_BRIEF_
Return the records below from the line containing "R.I.P DR. REGINALD MENGI" onward, exactly, through and including the last line.

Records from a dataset
######

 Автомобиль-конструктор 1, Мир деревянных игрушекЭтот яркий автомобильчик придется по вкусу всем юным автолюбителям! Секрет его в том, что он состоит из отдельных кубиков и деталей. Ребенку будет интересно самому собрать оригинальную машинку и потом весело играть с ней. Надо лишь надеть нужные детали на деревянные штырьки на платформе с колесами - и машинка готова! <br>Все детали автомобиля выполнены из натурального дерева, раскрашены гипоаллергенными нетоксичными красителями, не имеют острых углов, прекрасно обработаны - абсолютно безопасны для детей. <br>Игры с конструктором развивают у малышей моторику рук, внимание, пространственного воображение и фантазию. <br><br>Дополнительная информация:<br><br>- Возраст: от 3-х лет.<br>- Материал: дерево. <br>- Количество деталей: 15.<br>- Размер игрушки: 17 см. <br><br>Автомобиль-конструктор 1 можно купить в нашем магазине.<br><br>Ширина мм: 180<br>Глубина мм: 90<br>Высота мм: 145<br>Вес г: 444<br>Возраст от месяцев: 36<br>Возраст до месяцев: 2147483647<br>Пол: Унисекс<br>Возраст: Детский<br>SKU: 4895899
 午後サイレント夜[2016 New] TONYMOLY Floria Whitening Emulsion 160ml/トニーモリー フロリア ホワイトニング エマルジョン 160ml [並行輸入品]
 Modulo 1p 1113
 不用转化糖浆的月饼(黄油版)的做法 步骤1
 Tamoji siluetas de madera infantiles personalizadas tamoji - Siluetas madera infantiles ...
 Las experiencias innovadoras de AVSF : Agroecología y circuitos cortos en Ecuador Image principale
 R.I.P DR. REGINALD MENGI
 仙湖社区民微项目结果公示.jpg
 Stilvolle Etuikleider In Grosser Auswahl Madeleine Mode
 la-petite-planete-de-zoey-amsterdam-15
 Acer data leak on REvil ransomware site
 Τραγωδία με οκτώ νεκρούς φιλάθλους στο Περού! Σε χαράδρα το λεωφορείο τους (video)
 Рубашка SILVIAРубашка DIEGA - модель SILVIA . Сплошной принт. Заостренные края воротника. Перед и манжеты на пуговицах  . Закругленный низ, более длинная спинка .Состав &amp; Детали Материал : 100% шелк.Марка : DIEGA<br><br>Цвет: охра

######

_EXERCISE RESULT_
 R.I.P DR. REGINALD MENGI
 仙湖社区民微项目结果公示.jpg
 Stilvolle Etuikleider In Grosser Auswahl Madeleine Mode
 la-petite-planete-de-zoey-amsterdam-15
 Acer data leak on REvil ransomware site
 Τραγωδία με οκτώ νεκρούς φιλάθλους στο Περού! Σε χαράδρα το λεωφορείο τους (video)
 Рубашка SILVIAРубашка DIEGA - модель SILVIA . Сплошной принт. Заостренные края воротника. Перед и манжеты на пуговицах  . Закругленный низ, более длинная спинка .Состав &amp; Детали Материал : 100% шелк.Марка : DIEGA<br><br>Цвет: охра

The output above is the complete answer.